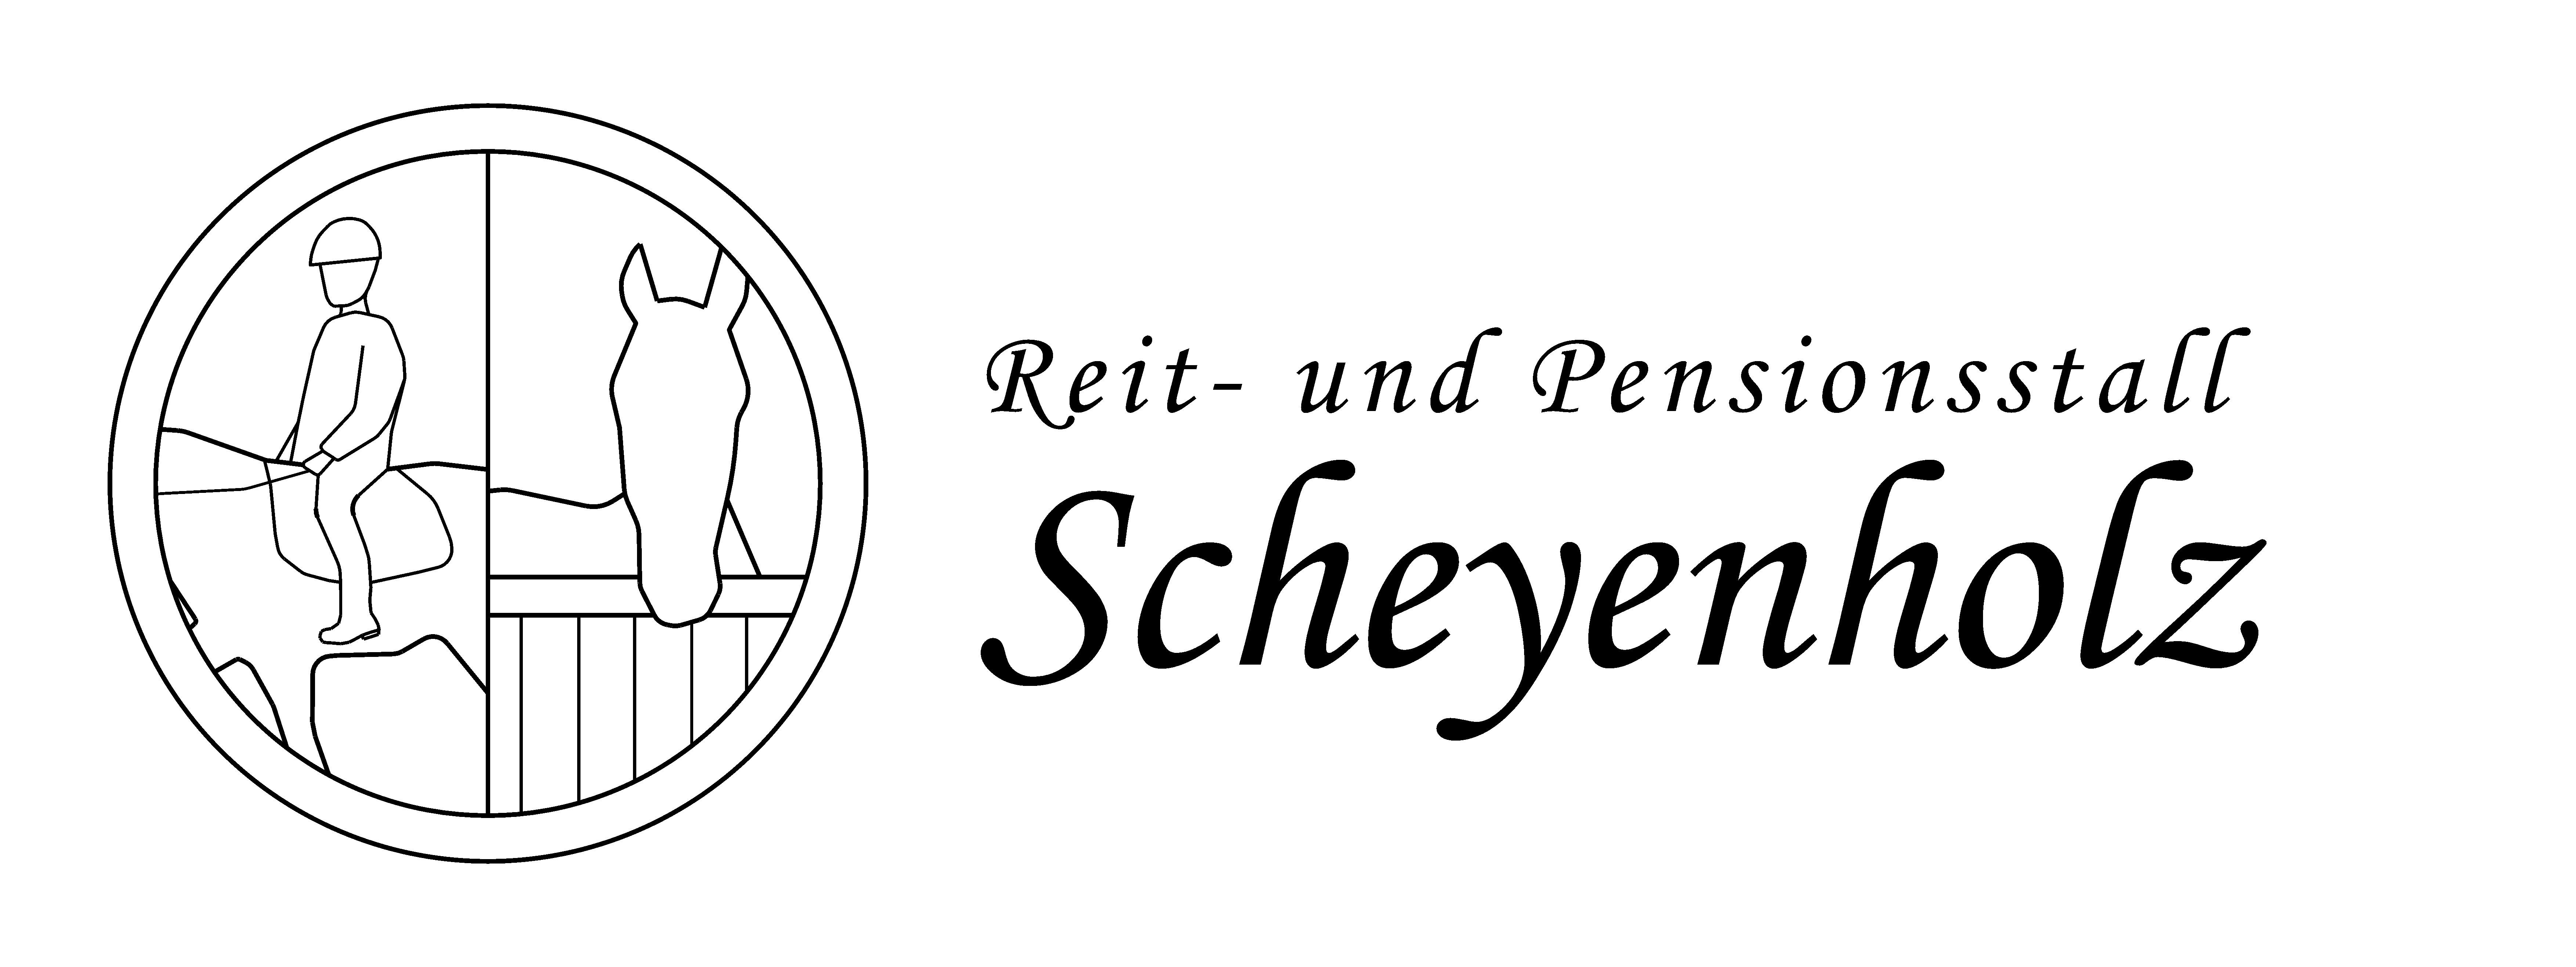 Reit und Pensionsstall Scheyenholz
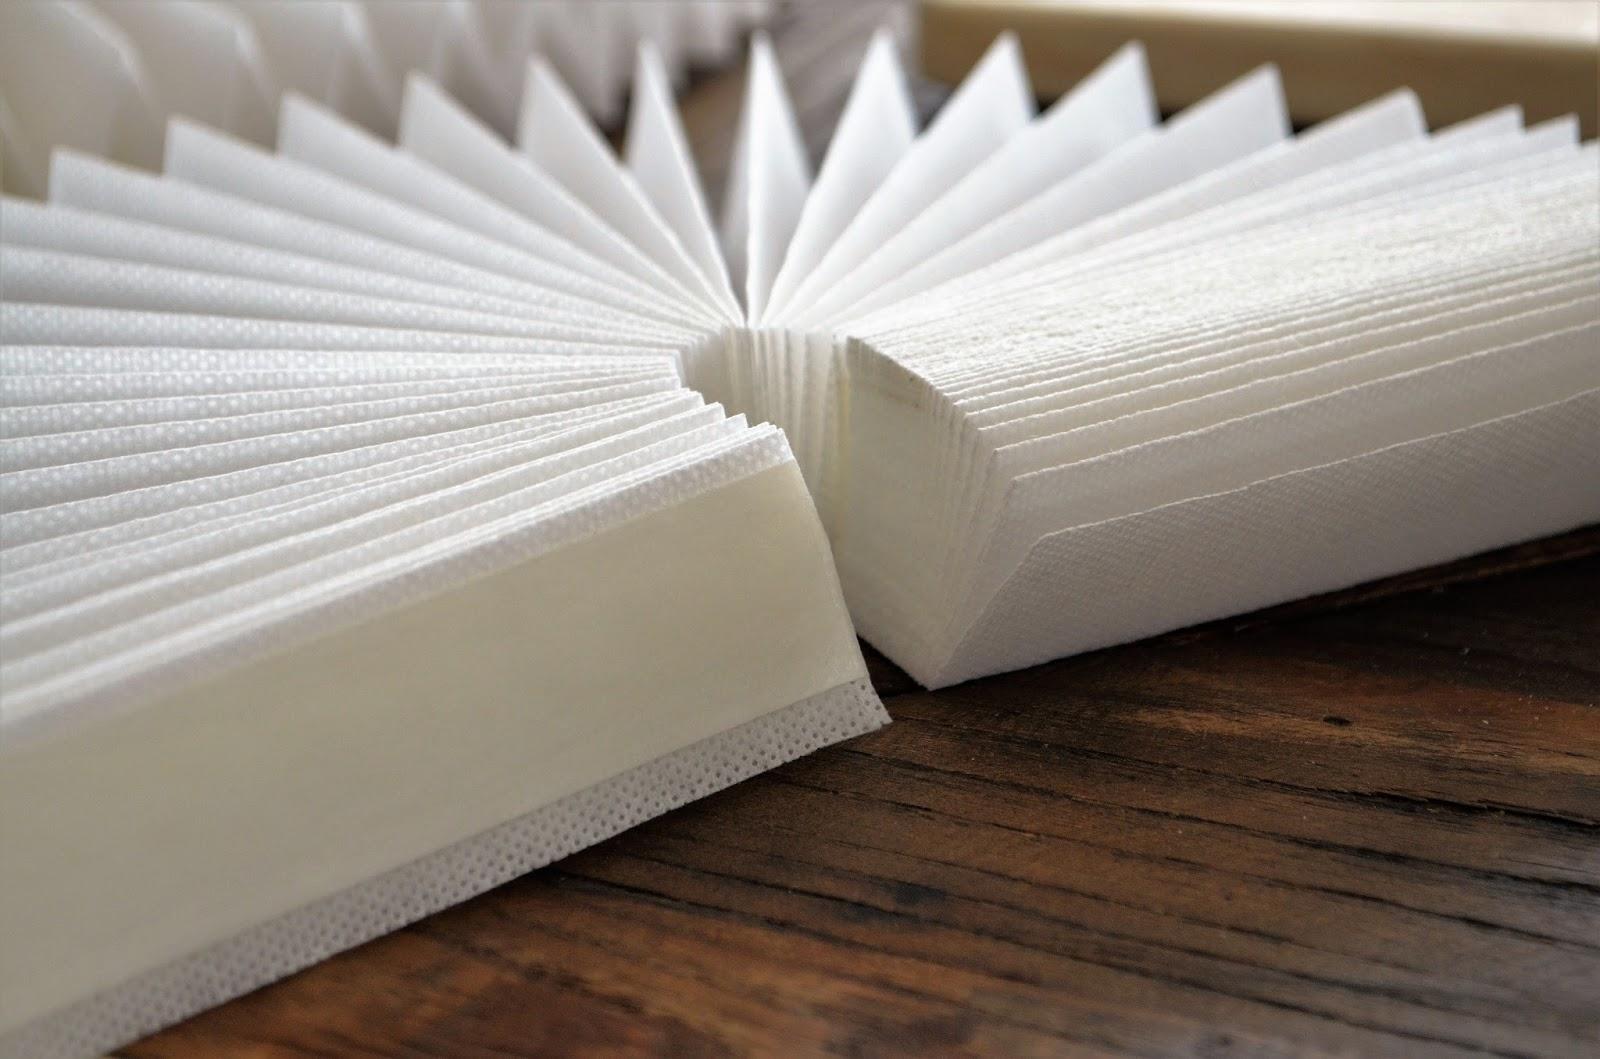 jalousie aus papierrollen selber machen, ikea hackers oder oder wie mache ich es mir selbst: rosetten - deko-hus, Design ideen
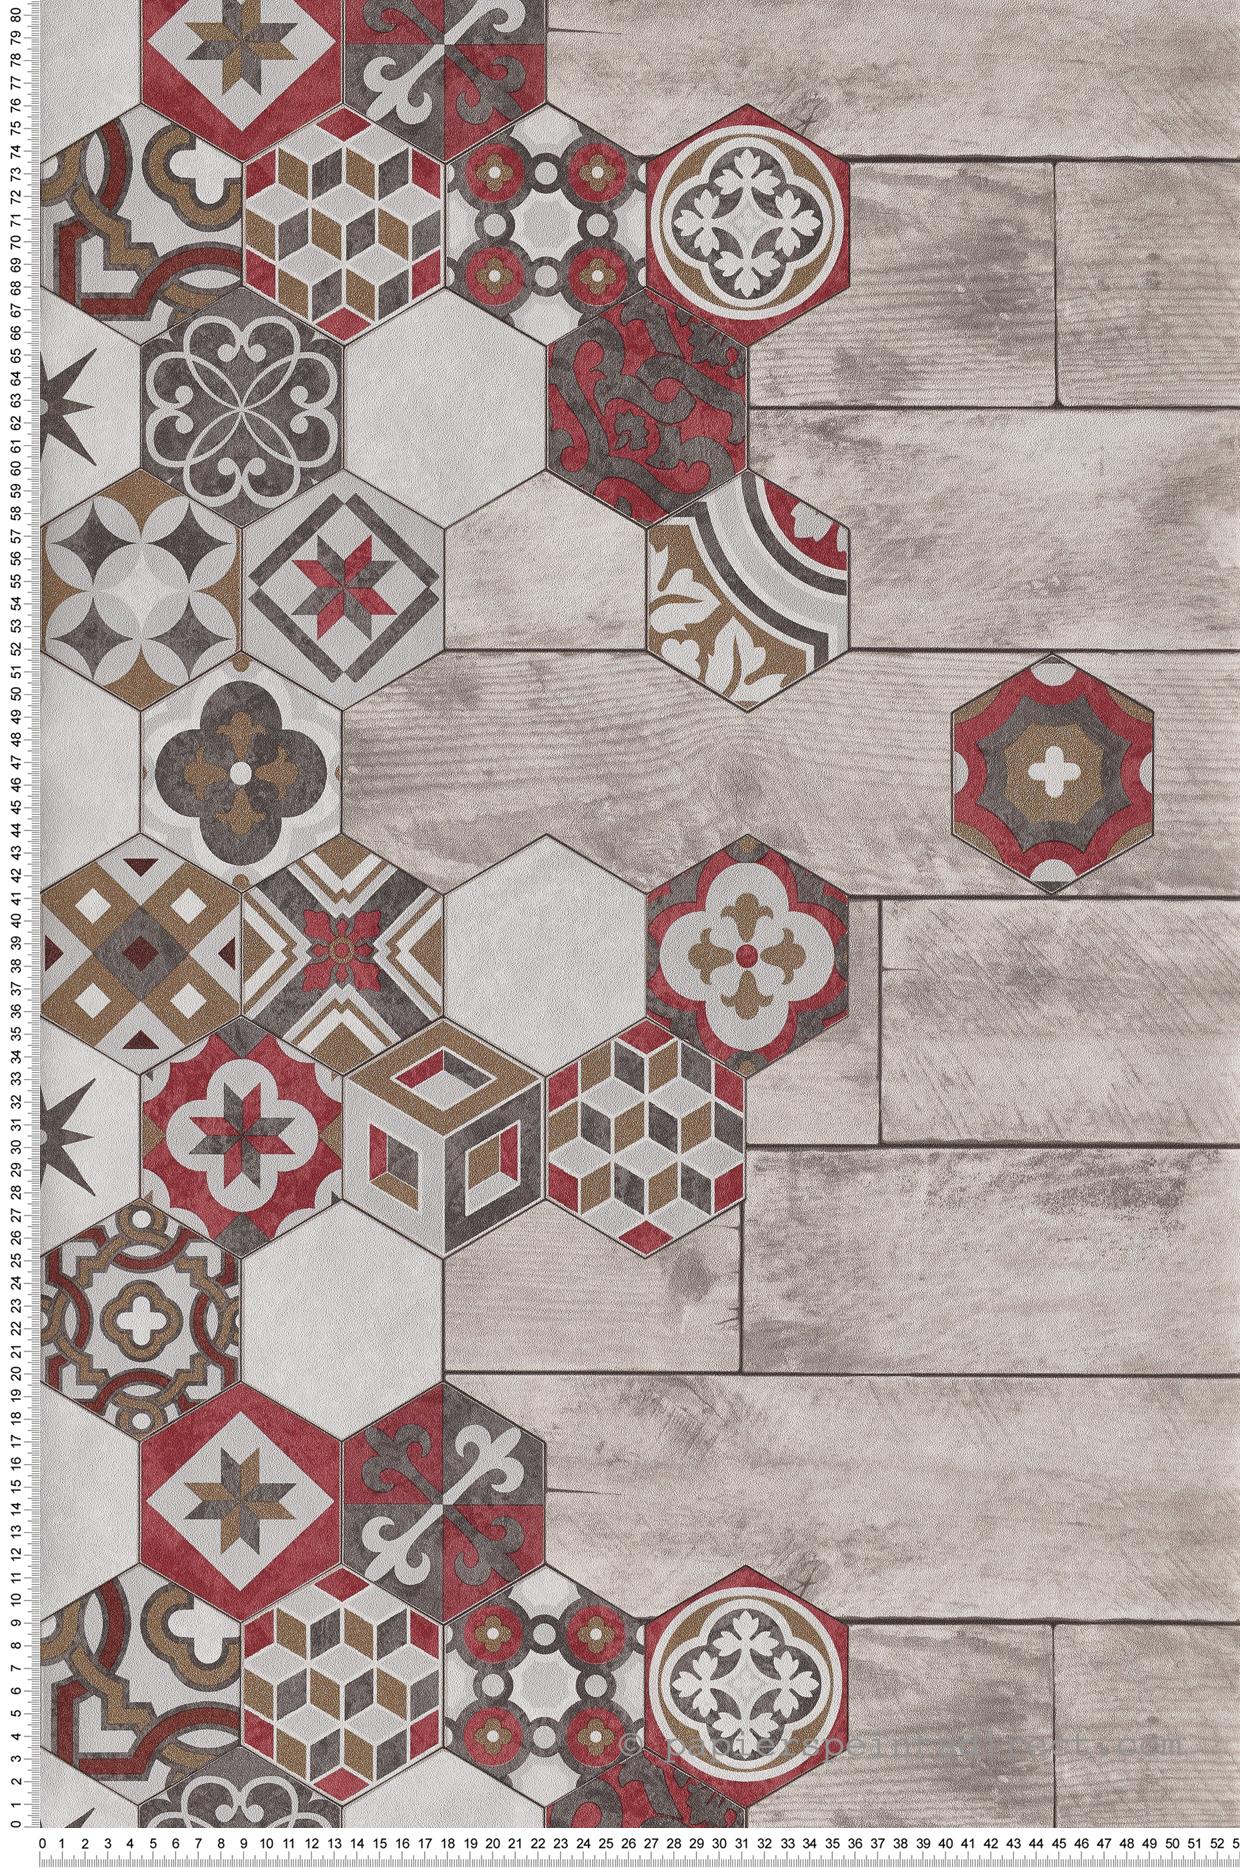 Tapisserie Carreaux De Ciment papier peint carreaux de ciment bois rouge doré - reflets d

# [ACTIVITY]
Copy the listing exactly, omitting pictures.

# [EXERCISE RESULT]
 Reit und Pensionsstall Scheyenholz
 jalousie aus papierrollen selber machen, ikea hackers oder oder wie mache ich es mir selbst: rosetten - deko-hus, Design ideen
 Tapisserie Carreaux De Ciment papier peint carreaux de ciment bois rouge doré - reflets d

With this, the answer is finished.